The requirements: elegant design and lots of powerThe requirements
Ask 100 enthusiasts what they'd like to see in a cutting-edge graphics card and criterion such as forward-looking design, performance, energy efficiency, and, of course, price will crop up. GF100, appreciating its time of arrival, needs to be almost all things to all people. Let's take each of these in turn and evaluate how good NVIDIA's new GPUs are.
Elegant design and performance?Modern GPUs are parallel processing engines. Simplifying it hugely, GPU-fed instructions can be worked on by many mini-processors in tandem. Just add more of these cores and, voila, there's more power on tap. This lovely view of ever-more-powerful GPU design is constrained by a) manufacturing cost and yield issues b) heat c) process limitations and d) complexity, to name but a few.
In their highest-performing GPUs, NVIDIA and AMD look for the best compromise between silicon-chewing transistors, associated heat, and economic feasibility. We'd all love a 10,000-core GPU with a 75mm² die-space and an etail price of $49, but it's not likely to happen anytime soon.
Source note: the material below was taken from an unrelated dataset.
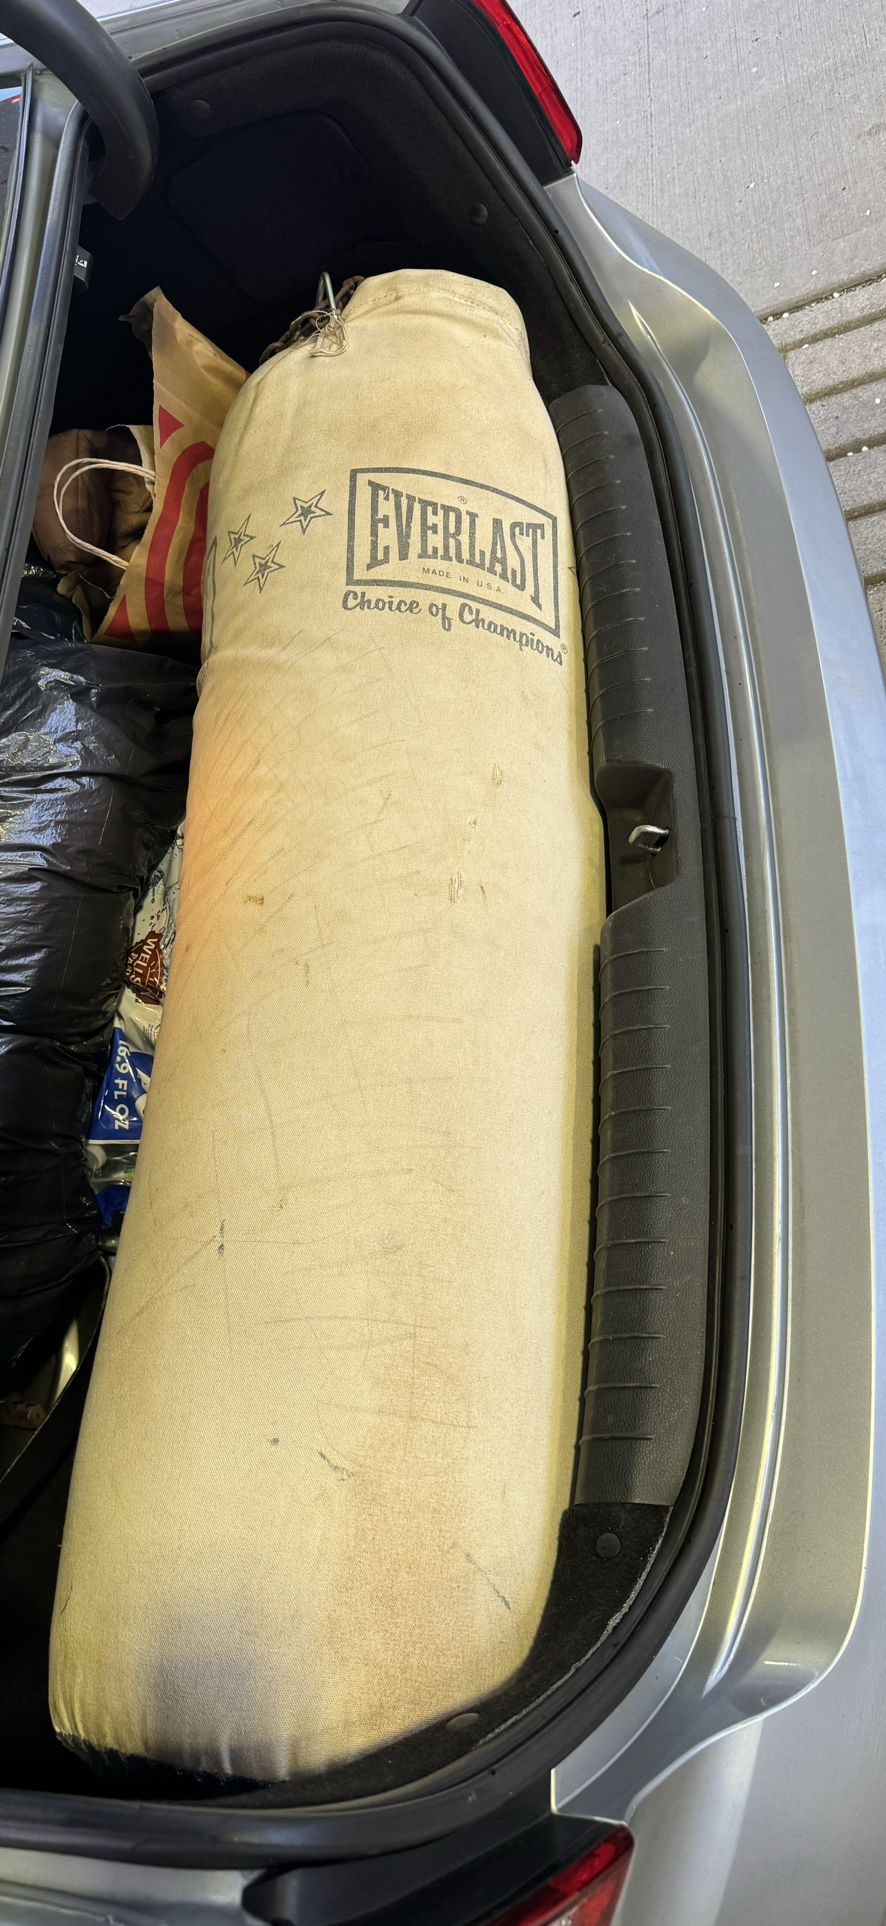 Everlast Used Punching Bag 70lbs

Cutting to the chase, here is the standard GF100 'Fermi' die picture.
The numbers are large by any present standards. We can immediately see that NVIDIA has gone for a huge-die approach for design rather than mid-sized silicon with greater flexibility. But the devil is in the details.
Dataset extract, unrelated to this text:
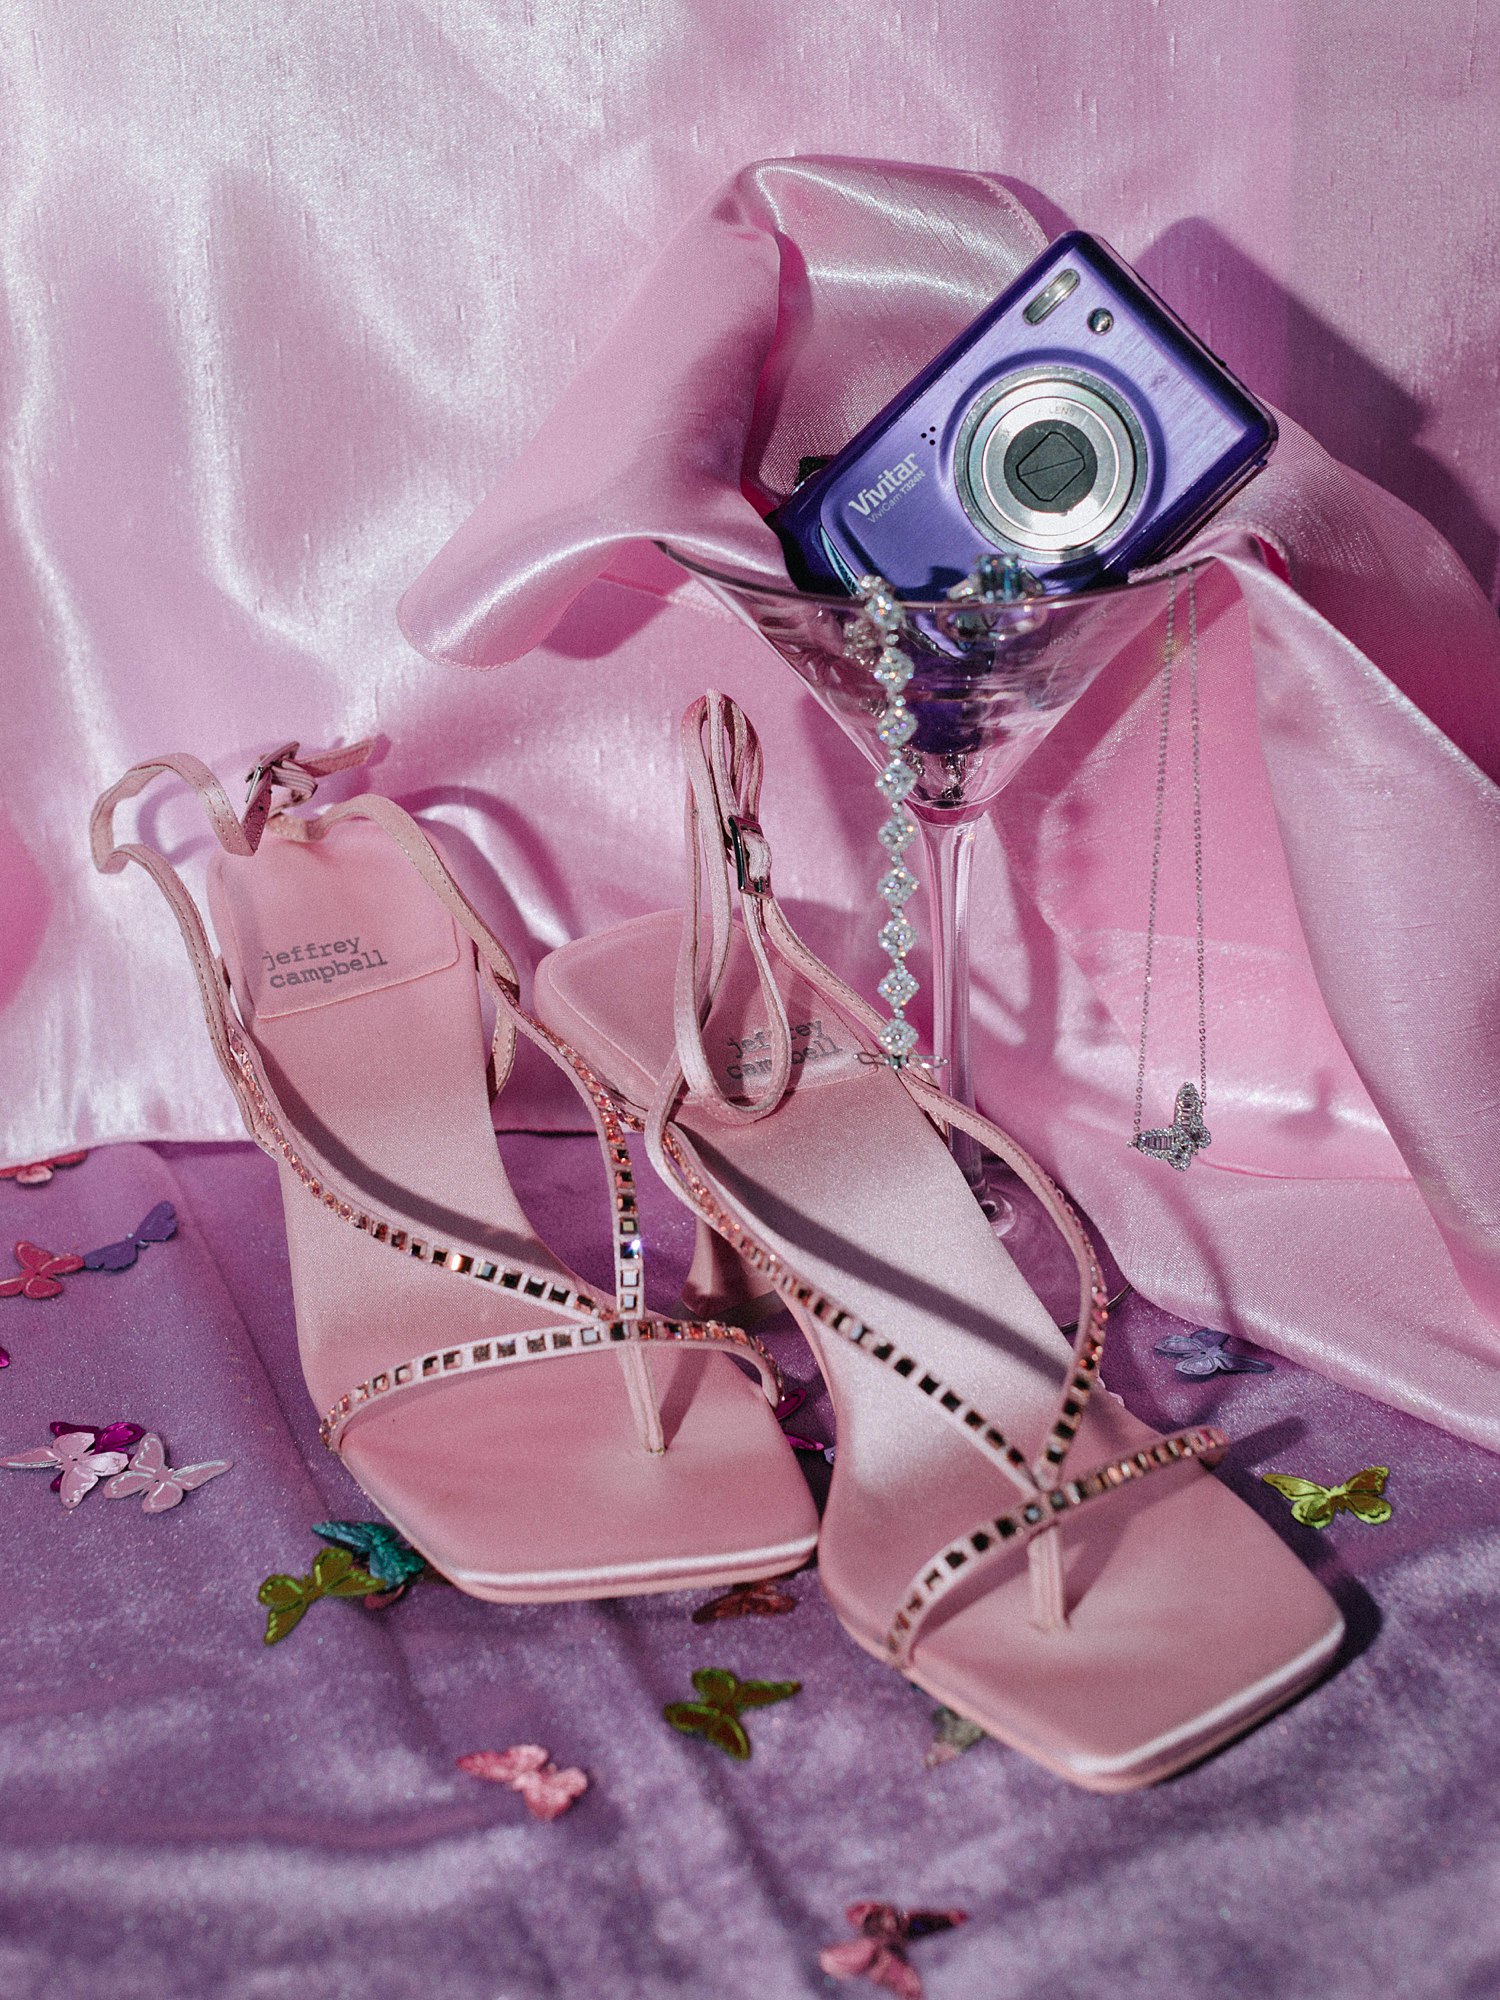 purple camera in martini glass next to pink heels and diamond bracelet

The chip is effectively split into what NVIDIA terms Graphics Processing Clusters. Four GPCs make up one full-fat Fermi, and each GPC has standalone logic to be considered a mini-GPU in itself.
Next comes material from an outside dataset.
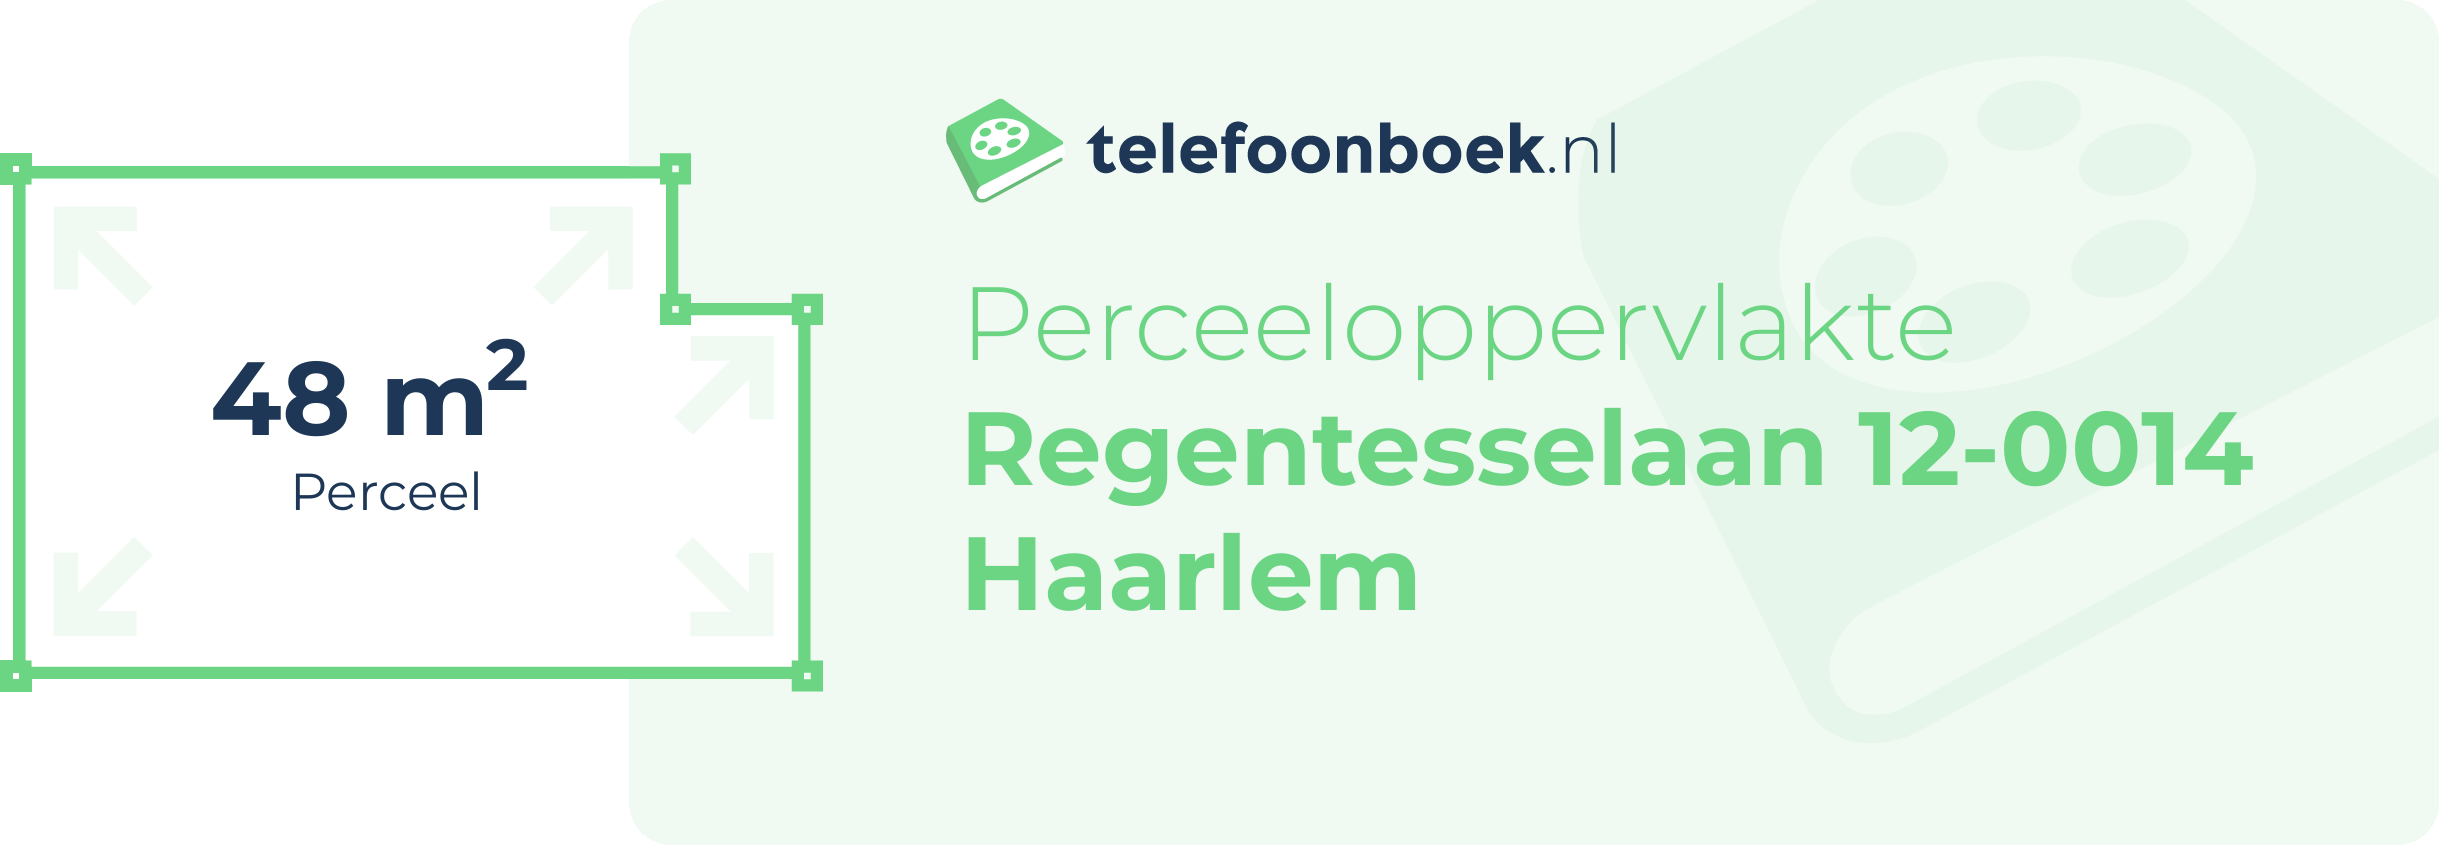 Perceeloppervlakte Regentesselaan 12-0014 Haarlem

This picture shows the GPCs more clearly. Each GPC contains four Streaming Multiprocessors (SM), coloured green, that are composed of 32 'regular' cores each, leading to a per-GPC count of 128 and a GPU-wide tally of 512. It's difficult to draw accurate comparisons with AMD/ATI's setups, but the count compares favourably with the incumbent single-GPU GeForce GTX 285’s 240 cores.
As a strategic shift in thinking, the GPCs also contain their own setup engine, on-chip cache, and four texture units. One reason why NVIDIA has chosen to design mini-GPUs rather than a fixed top-to-bottom setup lies with the innate complexity in keeping up-to 512 cores properly fed with data, we imagine.
The 64 (16x4) texture units continue to offer the same filtering as on the GT 200 line. Appreciating that GeForce GTX 285 has 80 texture units, Fermi shouldn't fare as well, but the company has boosted the texture-unit clocks to 700MHz.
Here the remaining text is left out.